* [Task brief]:
Of the material below, the lines to be retyped are those from the line containing "Christina Kruse by" through the line containing "Настольная лампа Mantra", inclusive; reproduce them exactly.

* [Records supplied]:
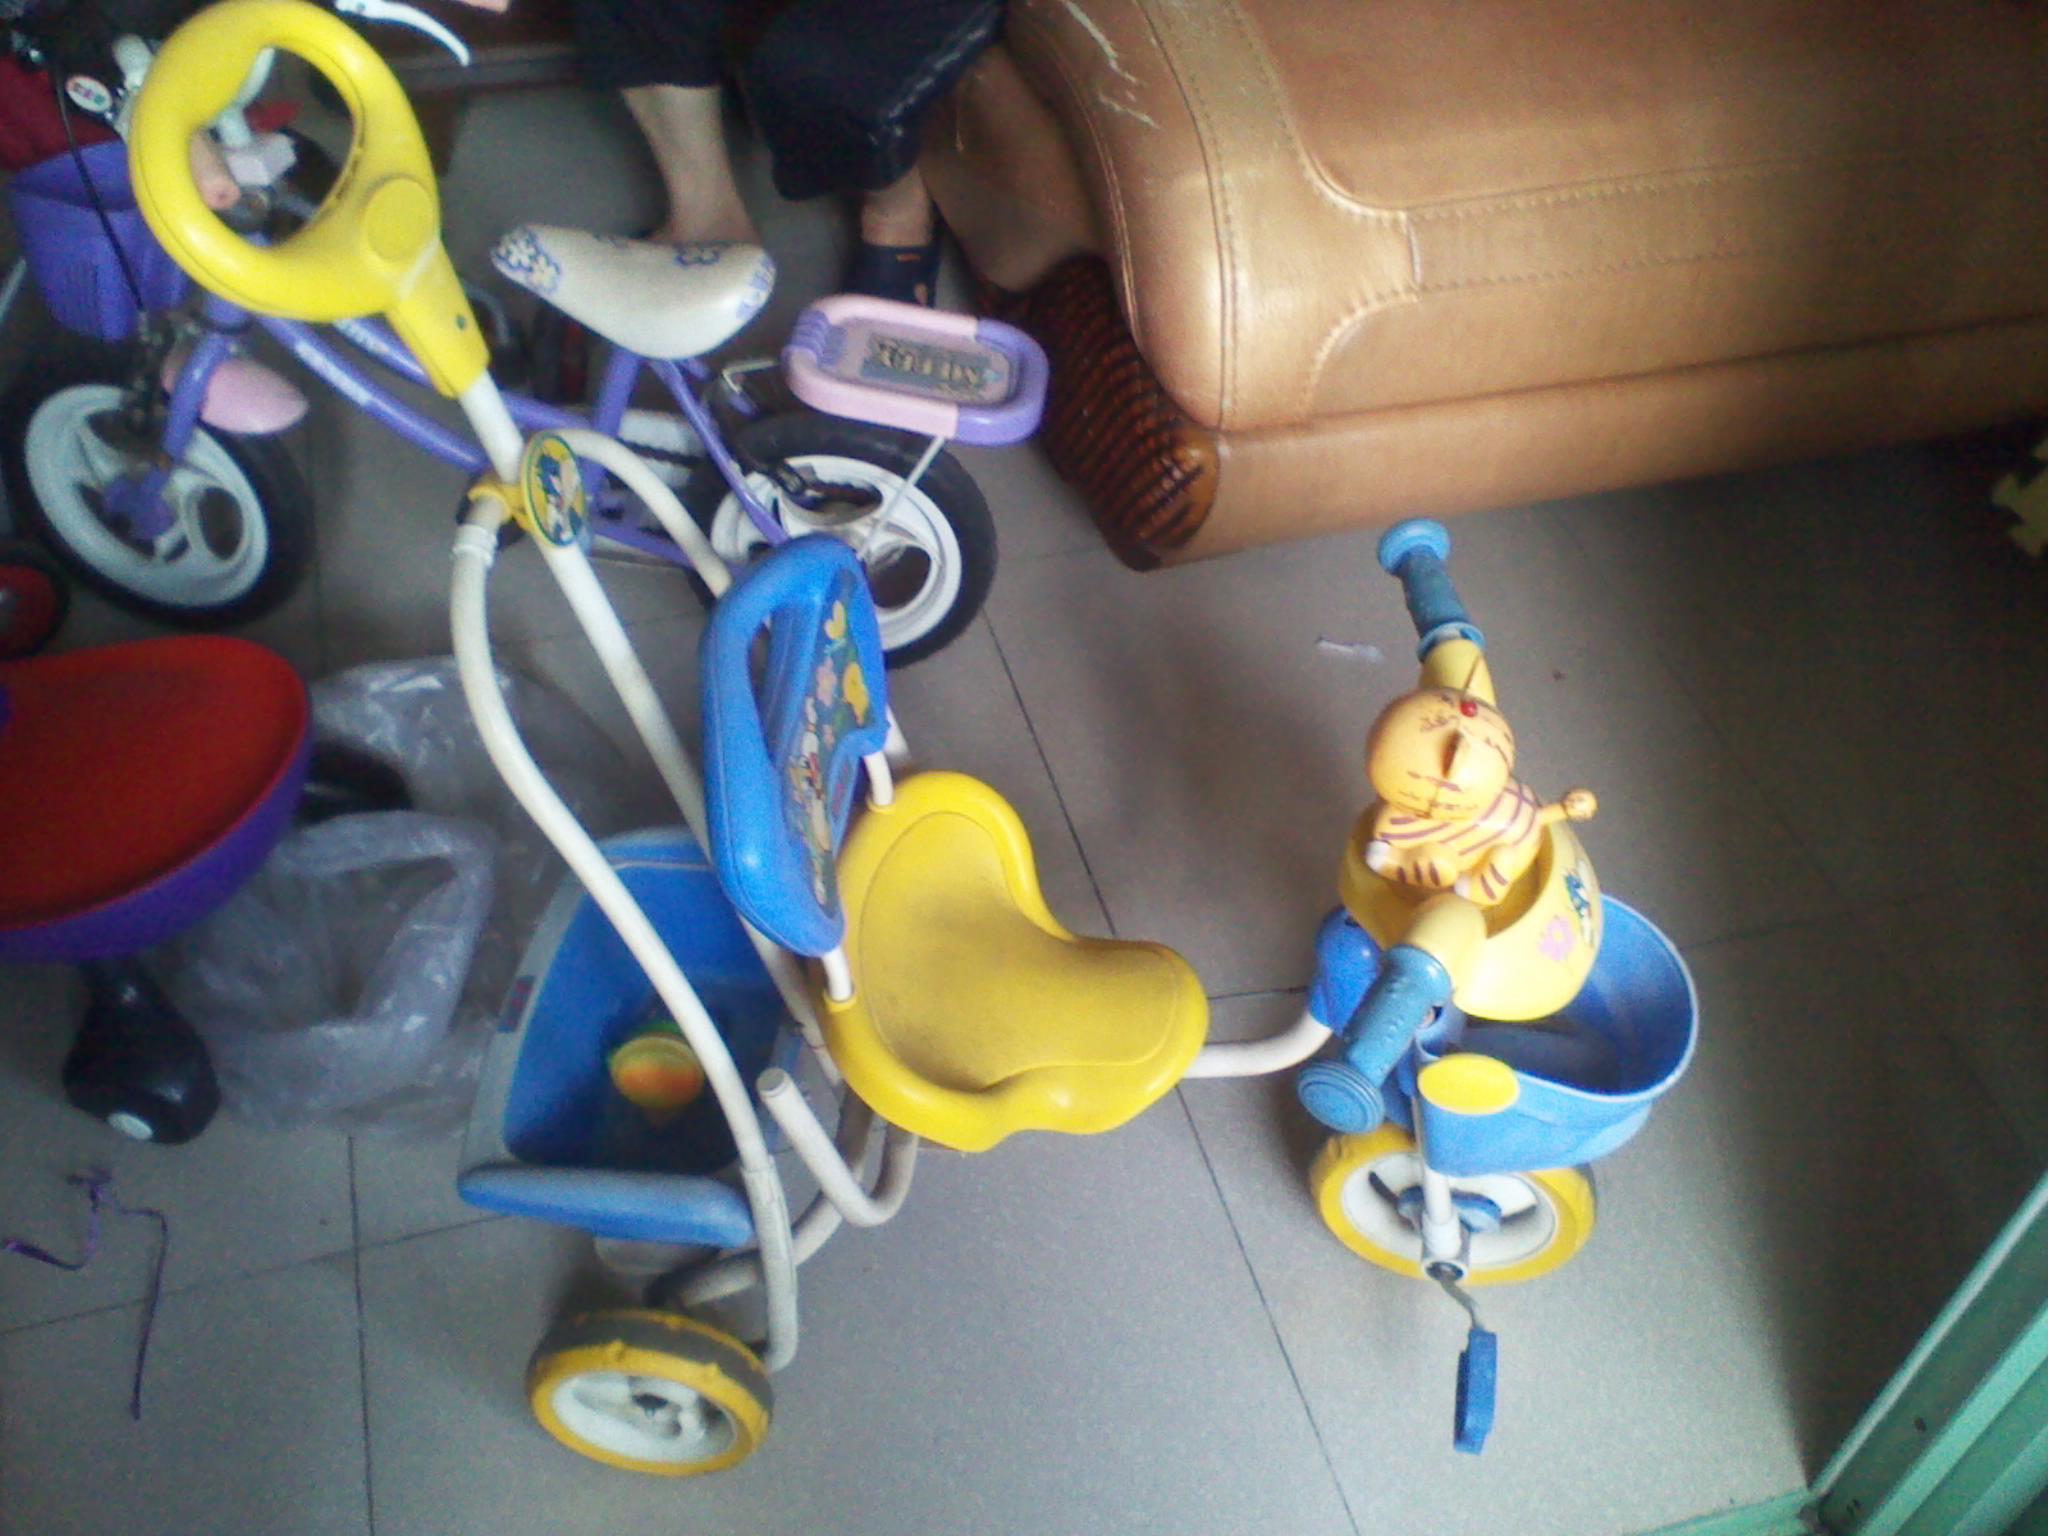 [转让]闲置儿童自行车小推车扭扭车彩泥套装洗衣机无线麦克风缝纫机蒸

...

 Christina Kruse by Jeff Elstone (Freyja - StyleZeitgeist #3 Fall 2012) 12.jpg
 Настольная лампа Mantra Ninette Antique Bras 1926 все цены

--

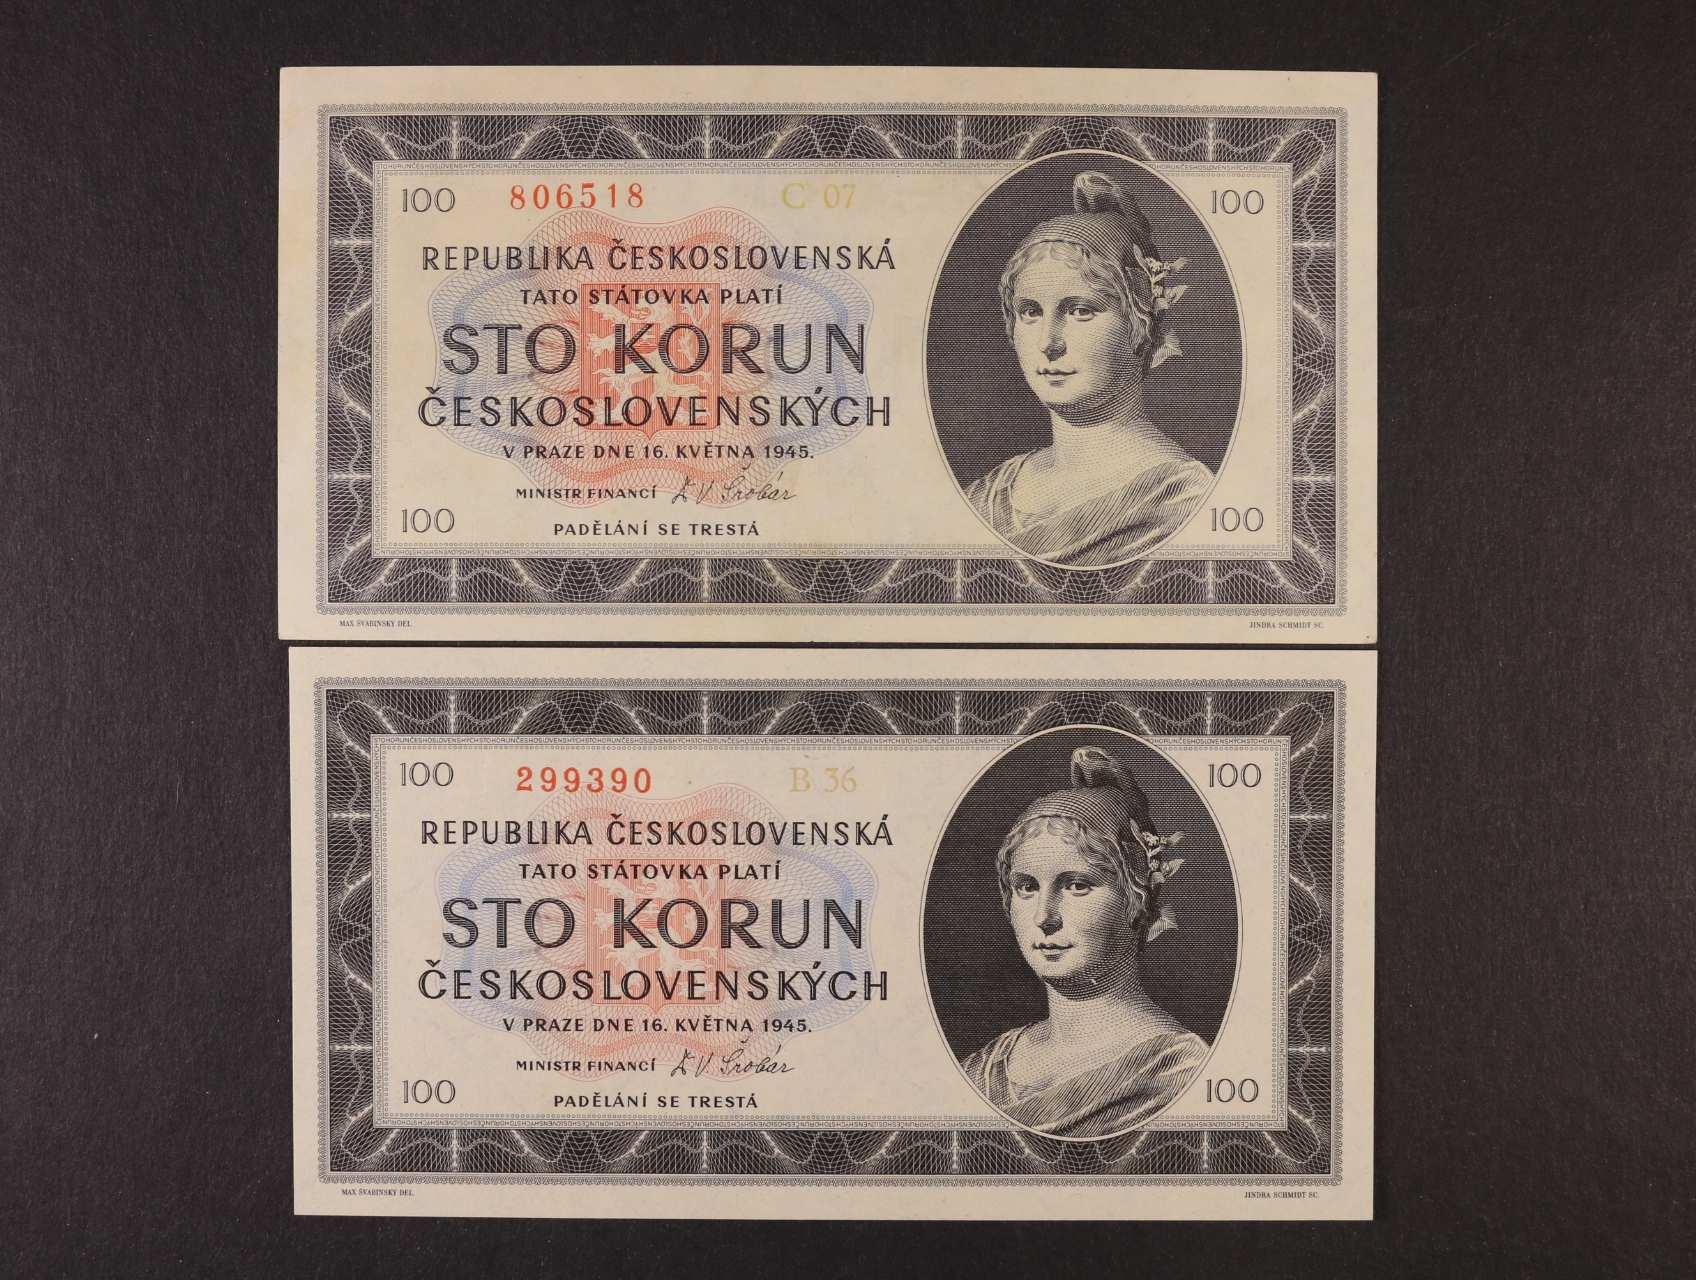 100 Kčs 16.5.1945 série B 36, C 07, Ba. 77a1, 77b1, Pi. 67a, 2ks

* [Reply to the task]:
 Christina Kruse by Jeff Elstone (Freyja - StyleZeitgeist #3 Fall 2012) 12.jpg
 Настольная лампа Mantra Ninette Antique Bras 1926 все цены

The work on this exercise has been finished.